Three Times A Fool Poem by Mita Diran

Three Times A Fool



(Misunderstanding)

It's amazing how foolish young folks can be; young folks like she, heaving high hopes upon her shoulders, never minding how hot that Summer was, never minding those beads of sweat rolling down her neck.

Who are they to tell her that 'ladies do not sweat'? She did not care.

She saw the most beautiful reflection in his eyes.

That reflection was proof that he saw miles and miles into her. She knew that he loved her much more than she could ever love him. She could look at him without feeling afraid, and tell him just how much she understood him.

Even if she wasn't really seeing him at all.

Now she misses him the most, but what is she missing, really?

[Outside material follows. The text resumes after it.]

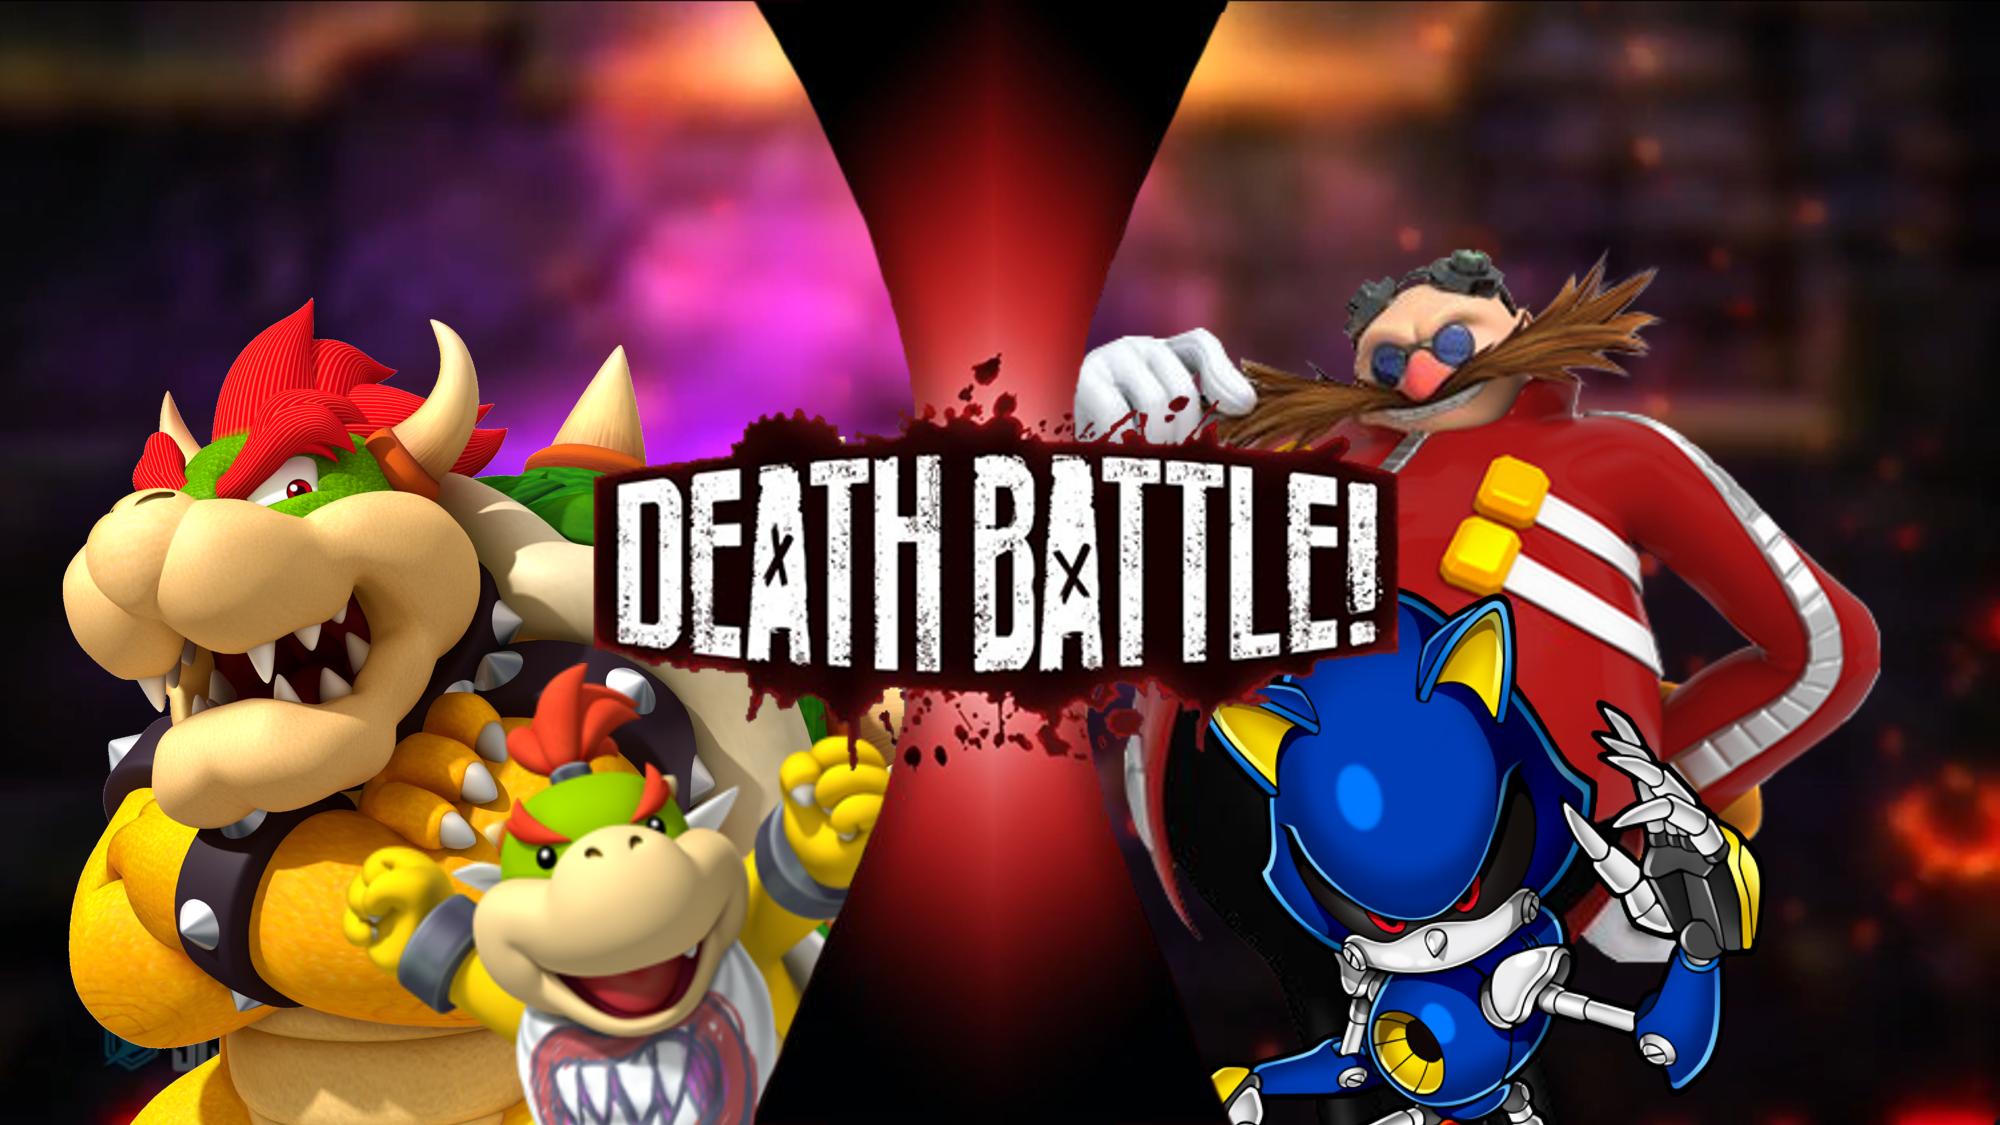 Bowser and Bowser Jr  VS Dr  Eggman and Metal Sonic | Death Battle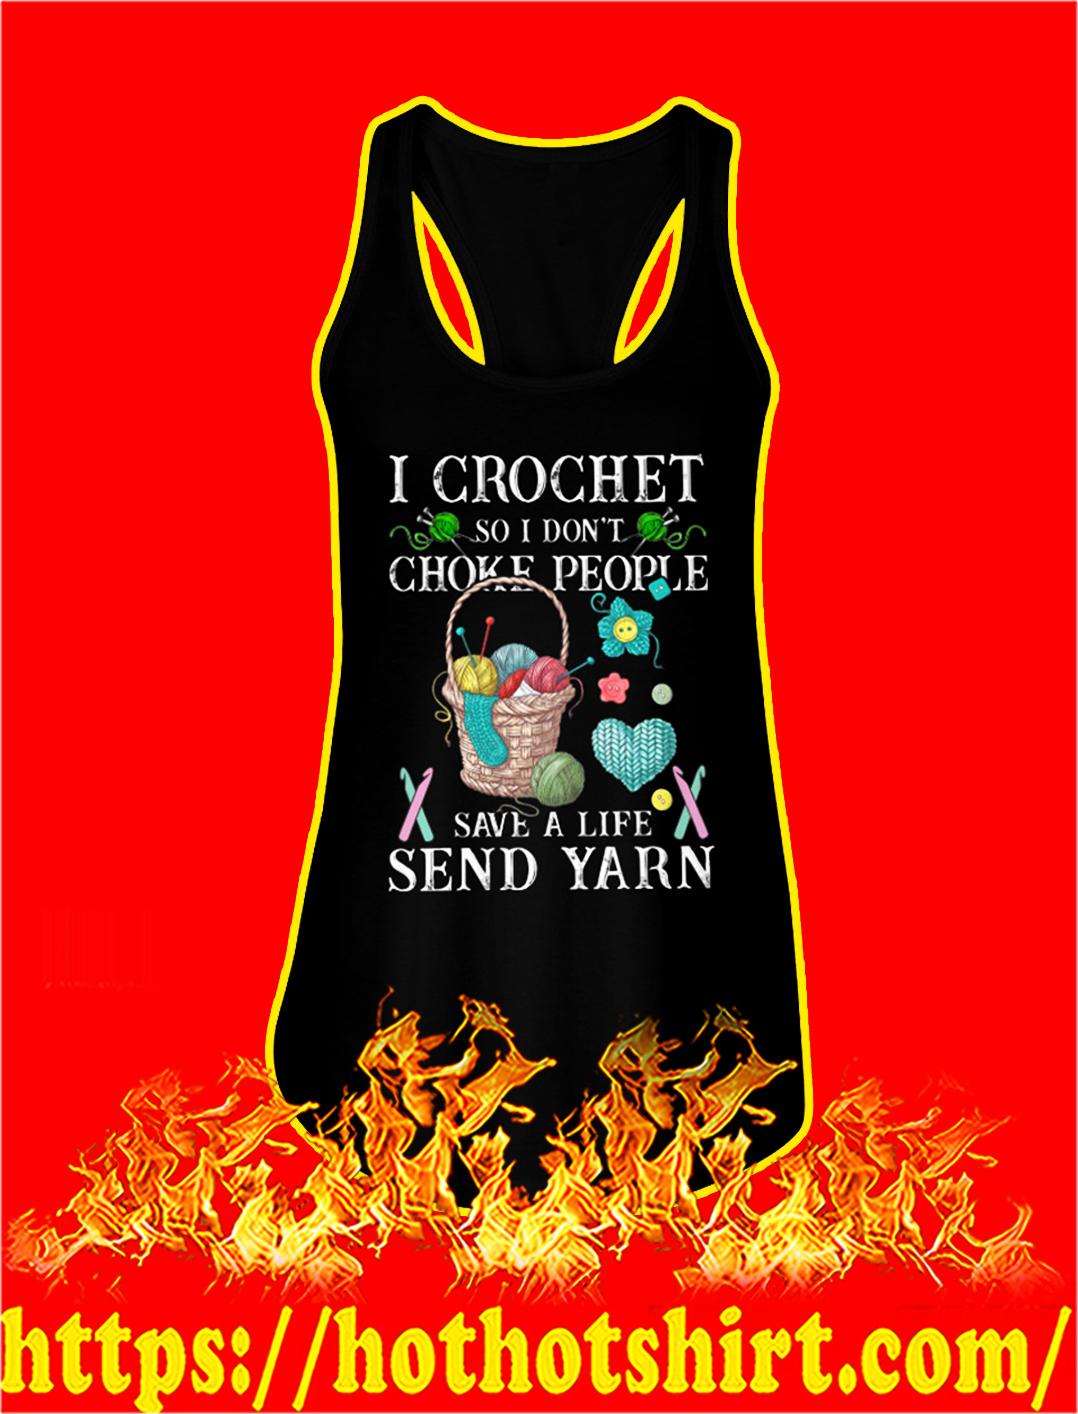 I crochet so I don't choke people save a life send yarn tank top

His love, or a mere shadow of her own perfection?

.

(Mistake)

Zap! - and that's how fast it was.

Too much, too soon, that she couldn't even begin to think about the consequences.

Everything was a whirl of eye contacts and phone calls and conversations over coffee- She was wrong wrong wrong, but she was so taken by his charm that it felt so right right right-

Then the bell tolled, ending as abruptly as when it first rang, and she skipped back to reality with both feet hitting the ground.

Crash! - and that's how hard it was.

She had lost her pride.

Perhaps, even, more than once.

And that hurt more than any bloody papercut sliding back and forth against her skin.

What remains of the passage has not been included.